▶ [Your goal] Restate the data word for word. Leave the pictures out.

▶ [The data]
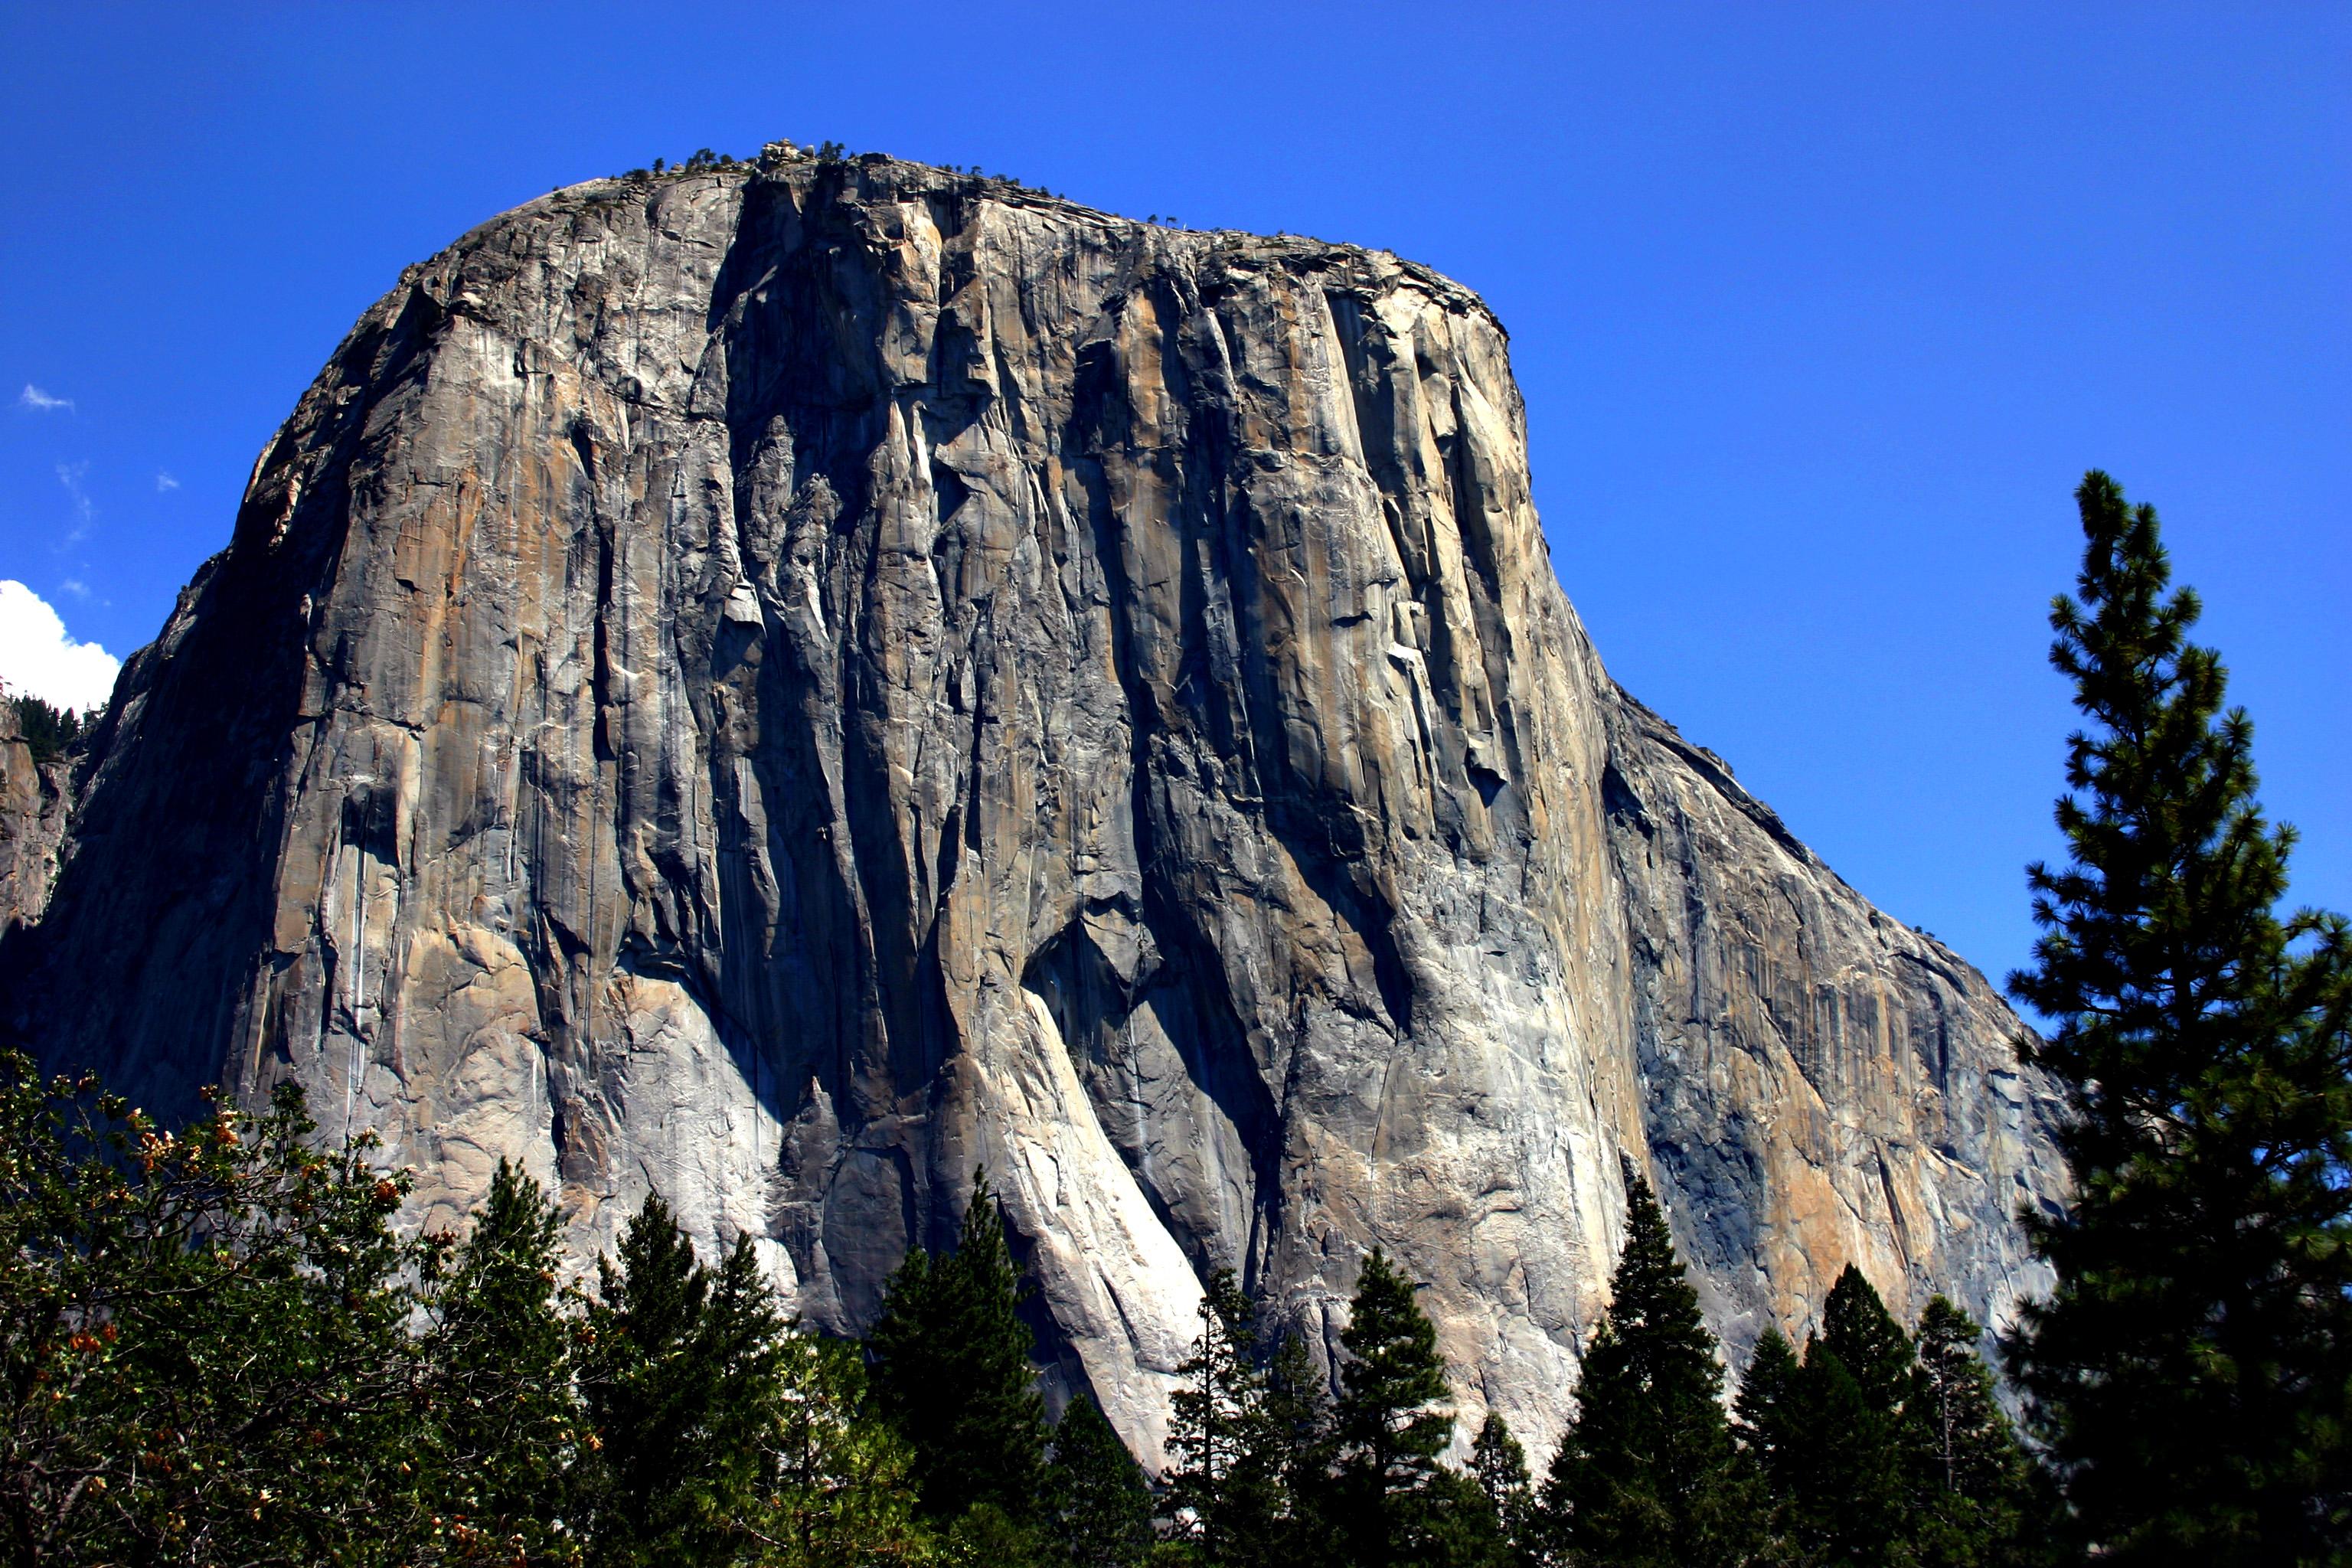 Yosemite_El_Capitan.
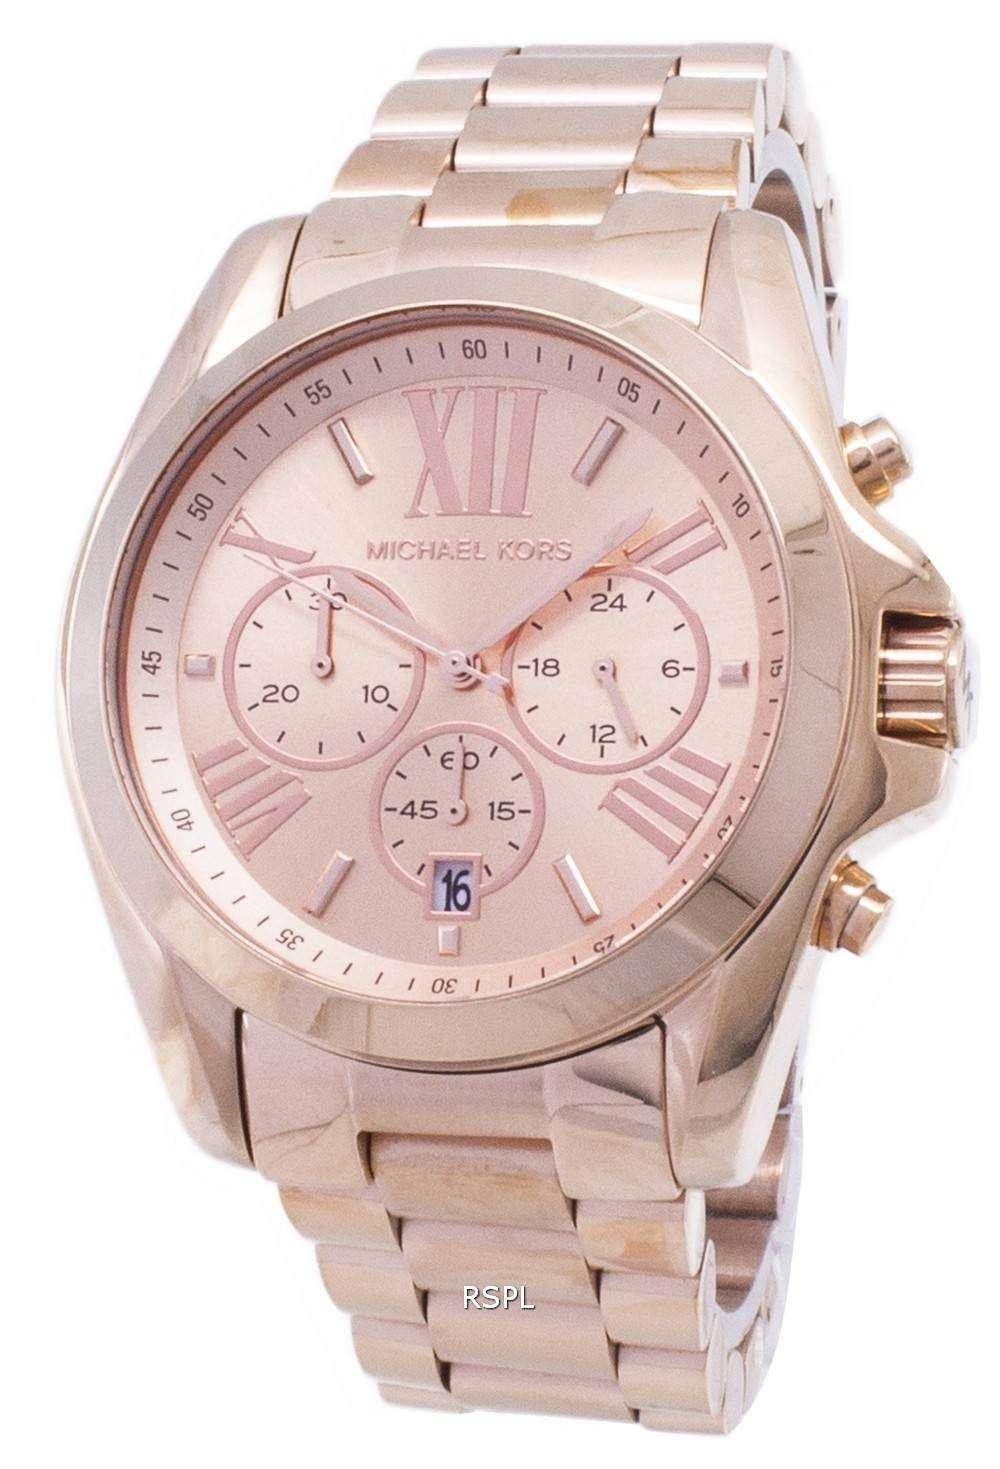 16345c747eee8 Michael Kors Bradshaw Chronograph Rose Gold-tone MK5503 Womens Watch
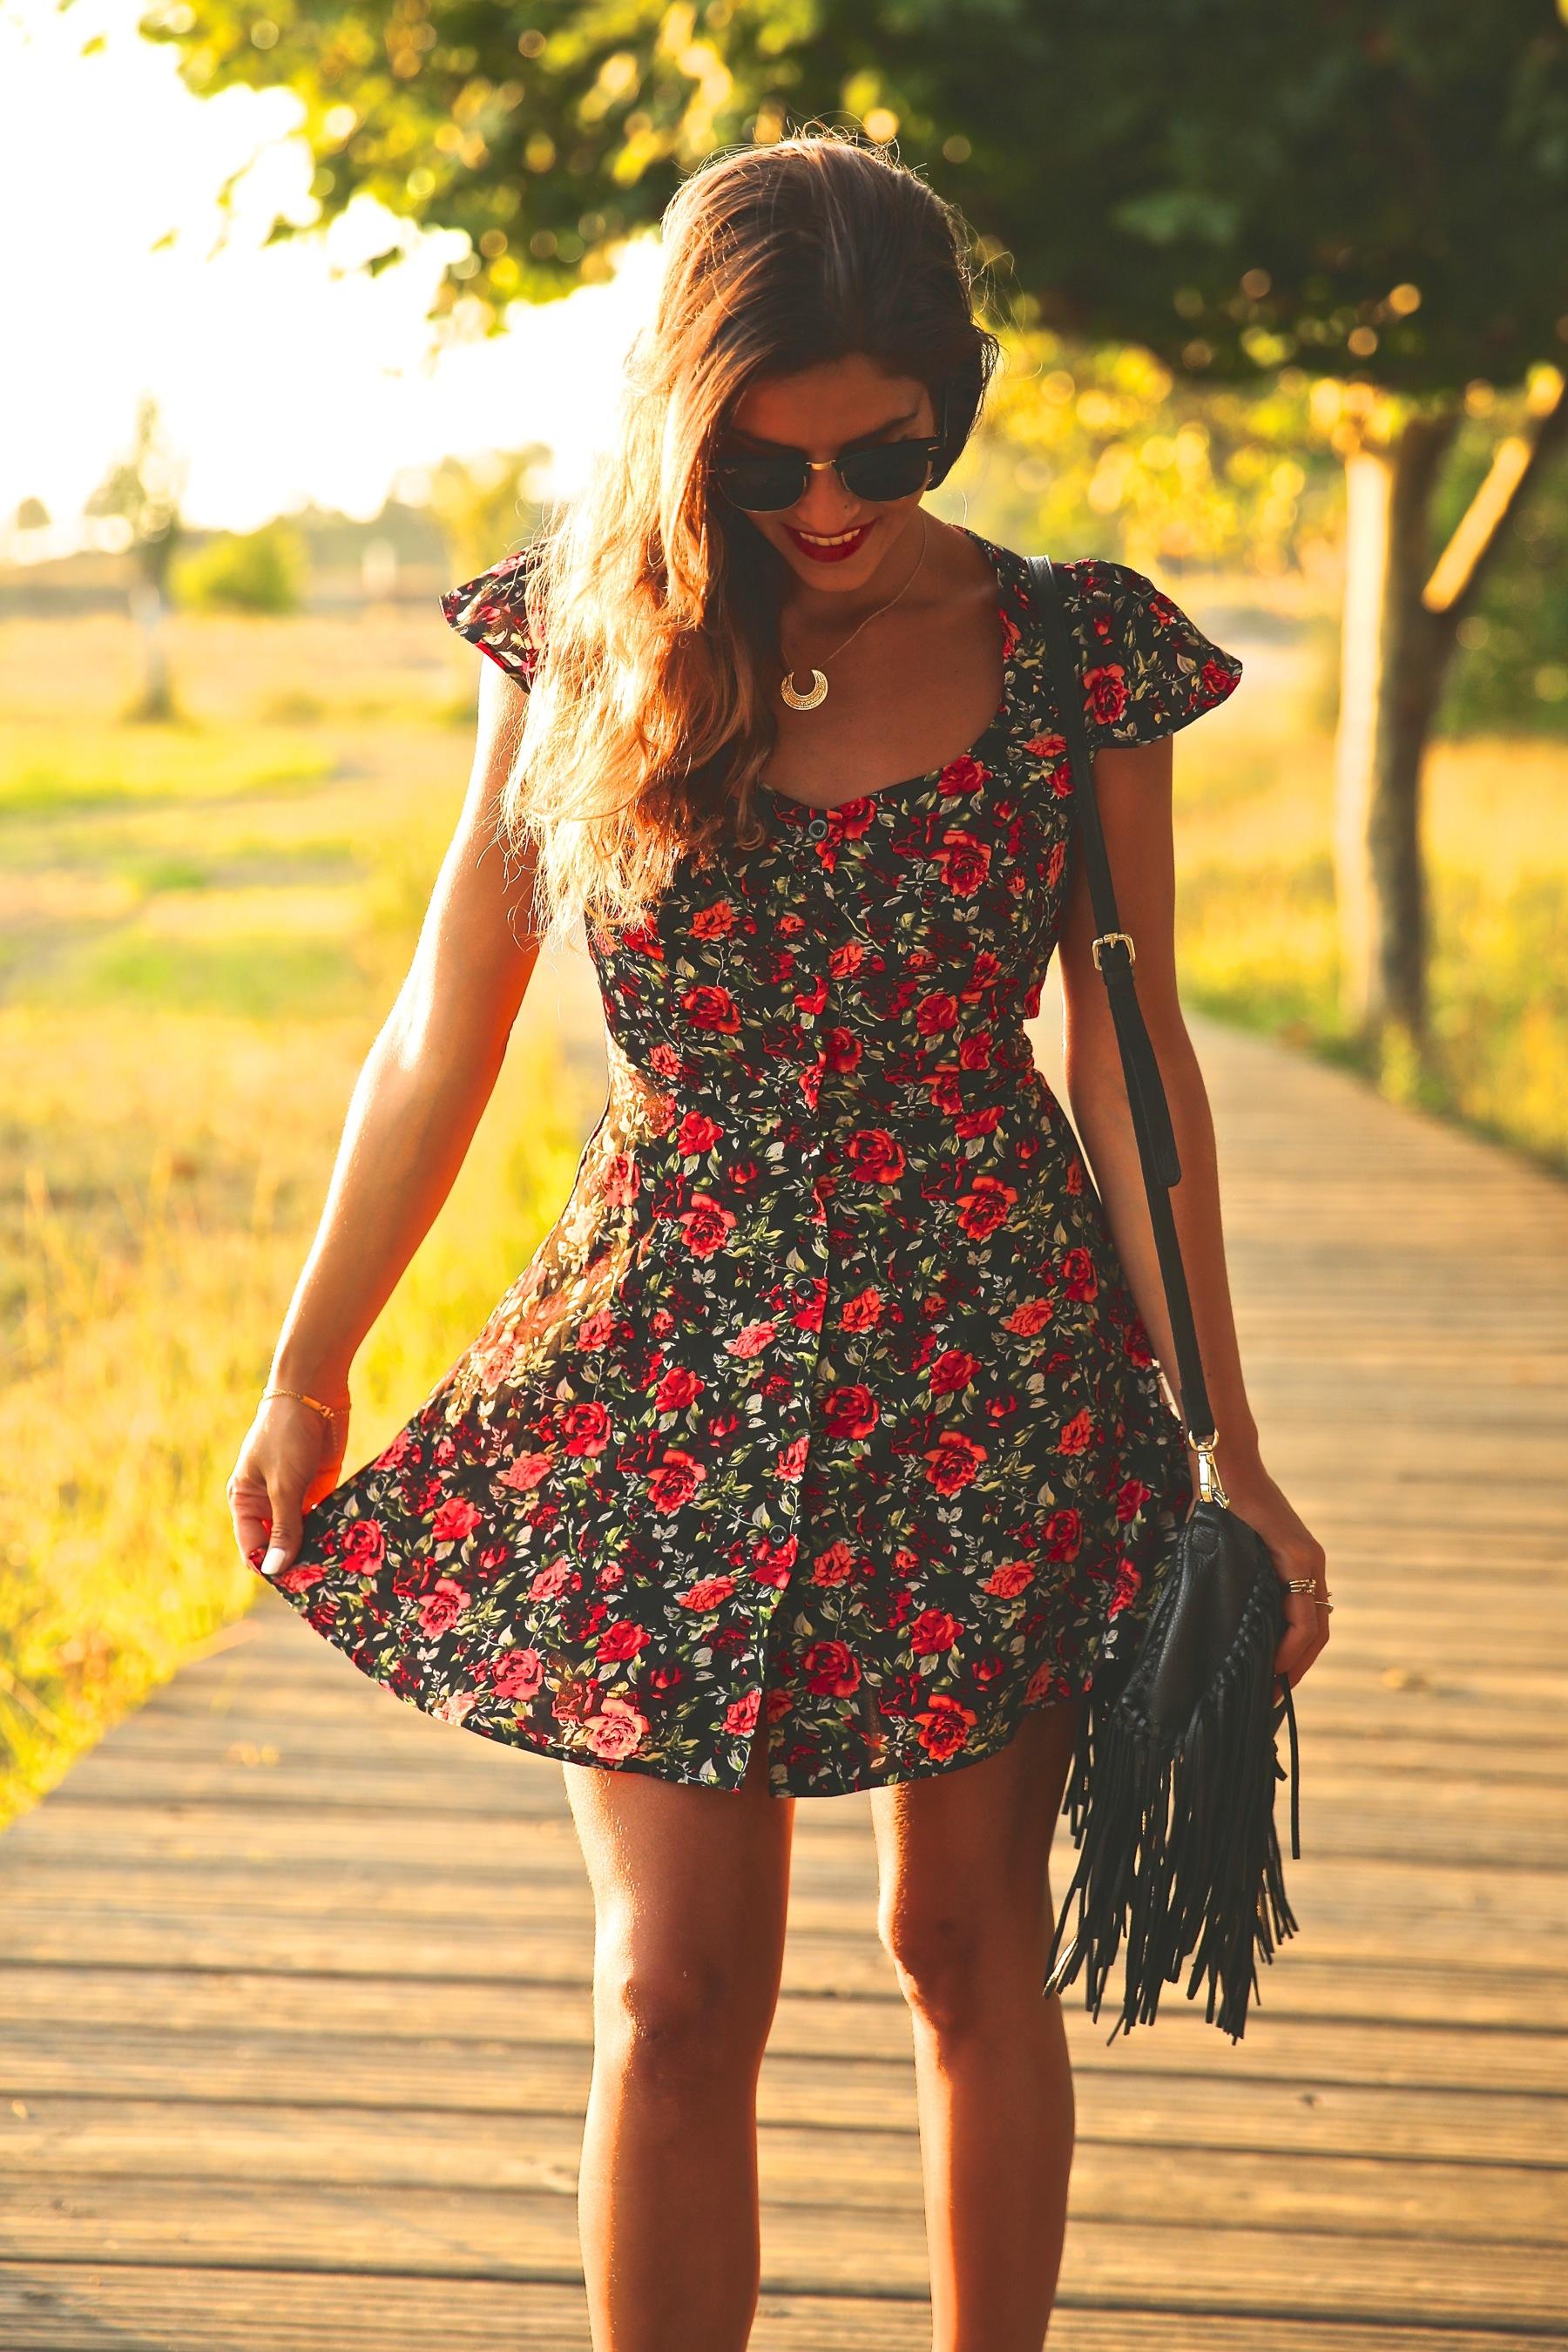 trendy_taste-look-outfit-street_style-ootd-blog-blogger-fashion_spain-moda_españa-flower_print-dress-vestido-flores-sandalias_negras-black_sandals-platforms-sunset-playa-beach-summer-7

▶ [Answer to this problem]
 Yosemite_El_Capitan.
 16345c747eee8 Michael Kors Bradshaw Chronograph Rose Gold-tone MK5503 Womens Watch
 trendy_taste-look-outfit-street_style-ootd-blog-blogger-fashion_spain-moda_españa-flower_print-dress-vestido-flores-sandalias_negras-black_sandals-platforms-sunset-playa-beach-summer-7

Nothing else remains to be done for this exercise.